Tatia­na Giraud nous éclaire de la sorte sur des ques­tion­ne­ments aus­si évi­dents que com­plexes : « Com­ment naissent (et meurent) les espèces ? », où l’on découvre l’existence de la « spé­cia­tion ». Qua­li­fié par Dar­win de « mys­tère des mys­tères », il s’agit du pro­ces­sus de sépa­ra­tion d’une ligne évo­lu­tive en deux espèces. Nous appren­drons ain­si que la for­ma­tion d’une nou­velle espèce ne peut adve­nir qu’en rai­son d’une bar­rière géo­gra­phique. Ain­si, les îles consti­tuent de véri­tables cabi­nets de curio­si­té pour les biologistes.

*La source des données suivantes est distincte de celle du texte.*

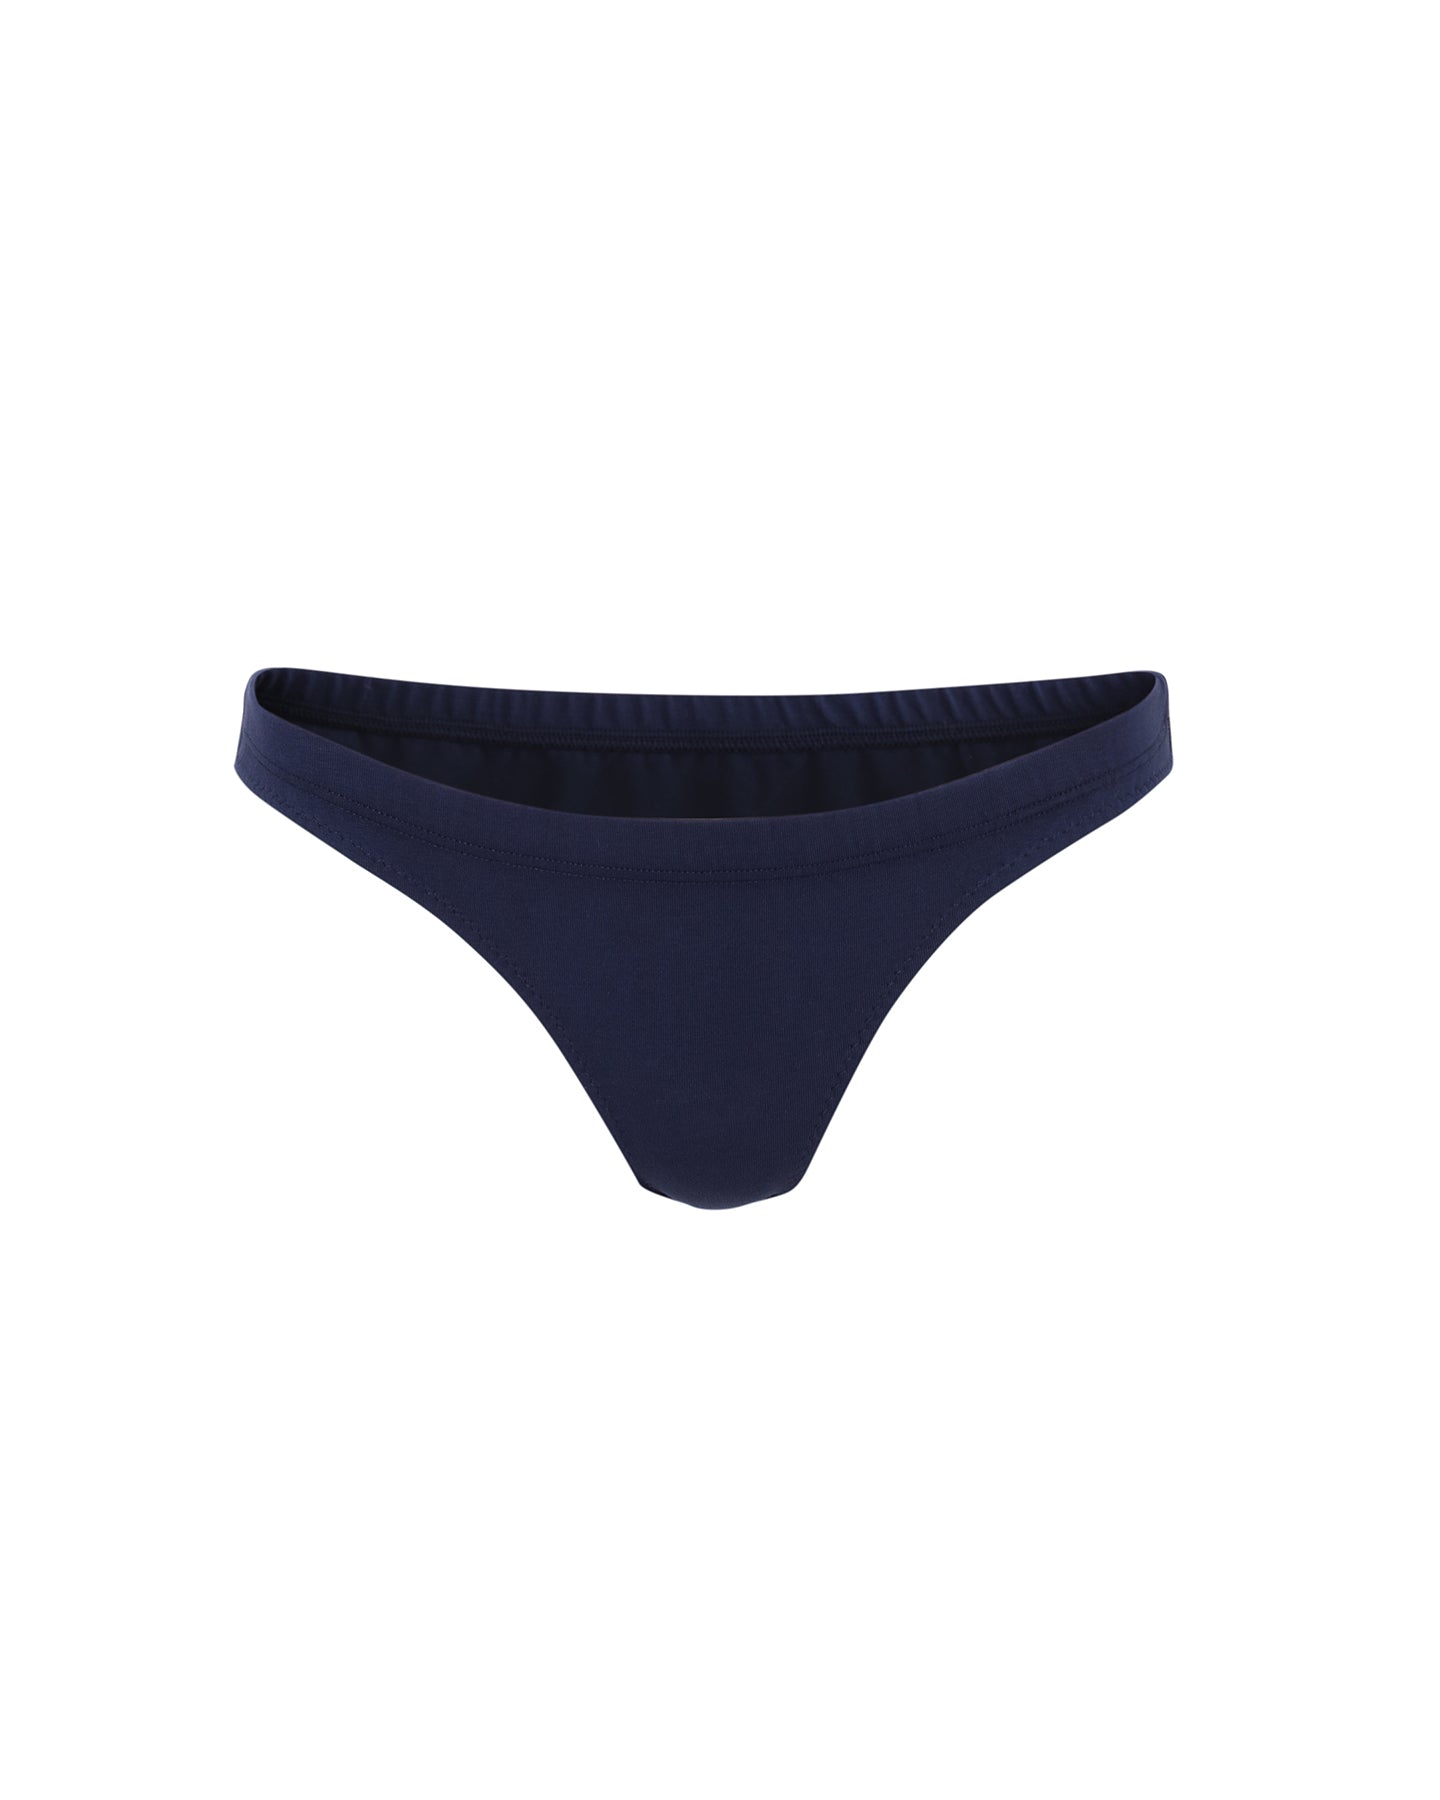 B91xZ Womens Cotton Underwear Plus Size Breathable Cotton-Mesh Brief  Underwear,Navy M 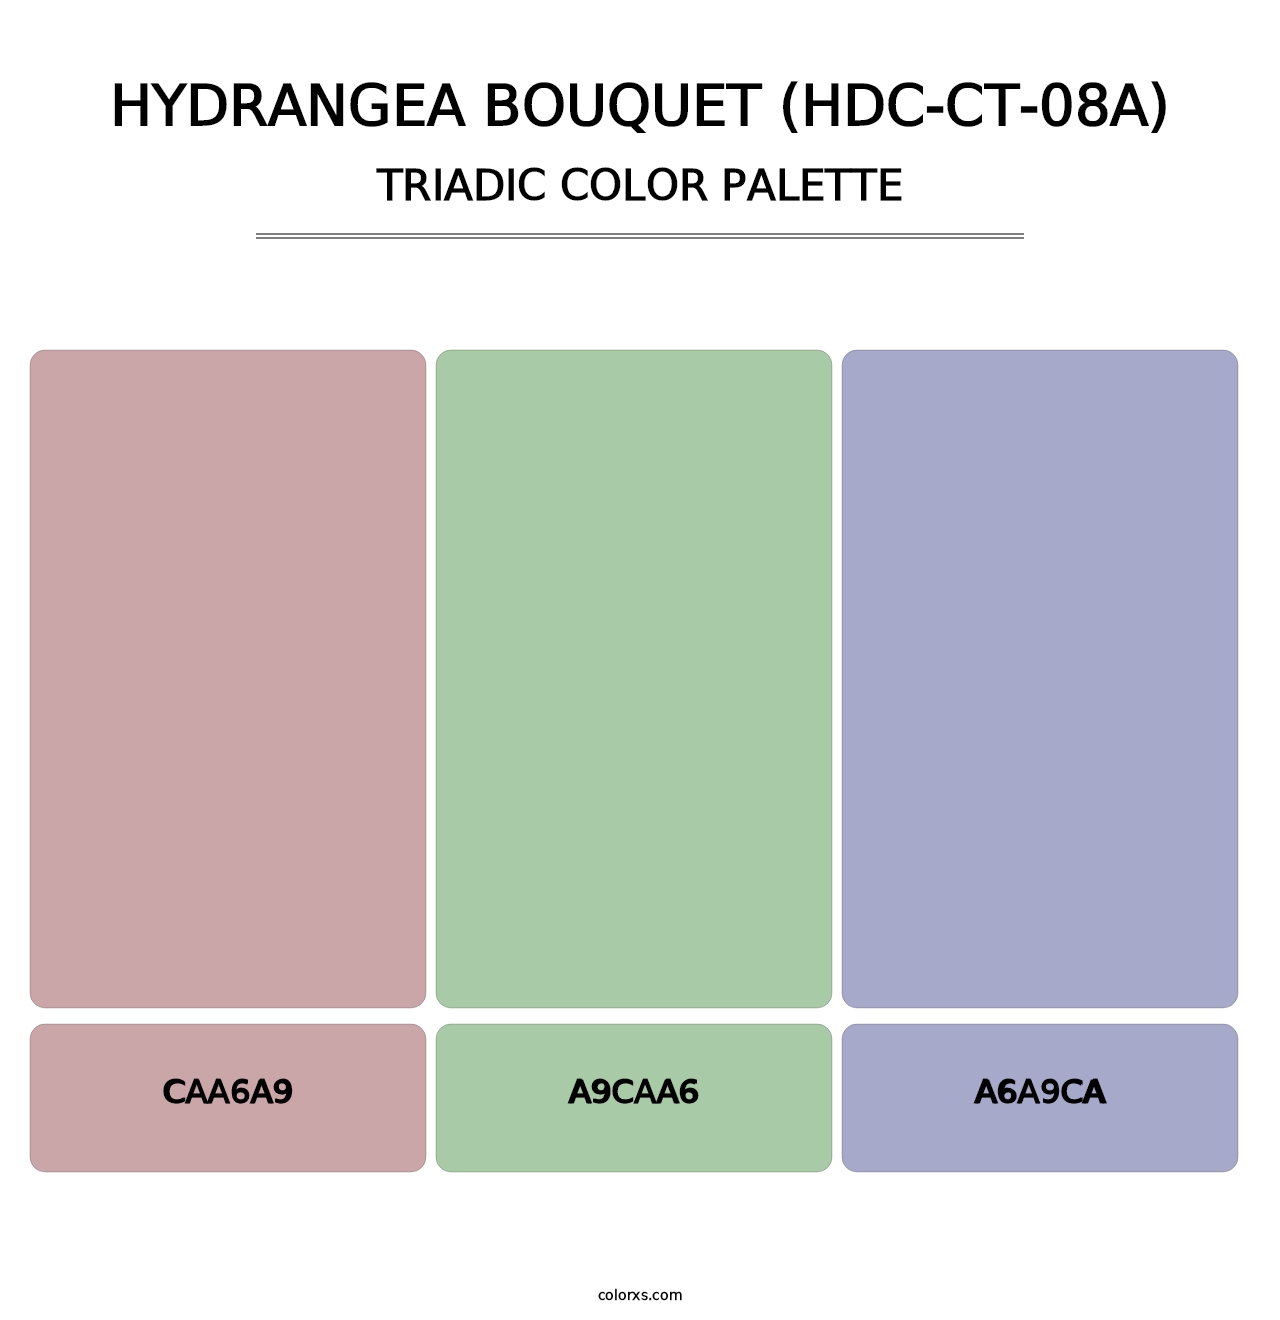 Hydrangea Bouquet (HDC-CT-08A) - Triadic Color Palette

Pour illus­trer son pro­pos de manière ludique, la cher­cheuse consacre même un cha­pitre aux moi­sis­sures de fro­mage, l’un de ses sujets d’études depuis dix ans. Mal­gré deux pre­miers cha­pitres géné­ra­listes plu­tôt redon­dants sur l’état géné­ral de notre socié­té, cet ouvrage vul­ga­rise avec un ton déca­lé les grandes avan­cées de la bio­lo­gie, et consti­tue un plai­doyer pour la pré­ser­va­tion du vivant.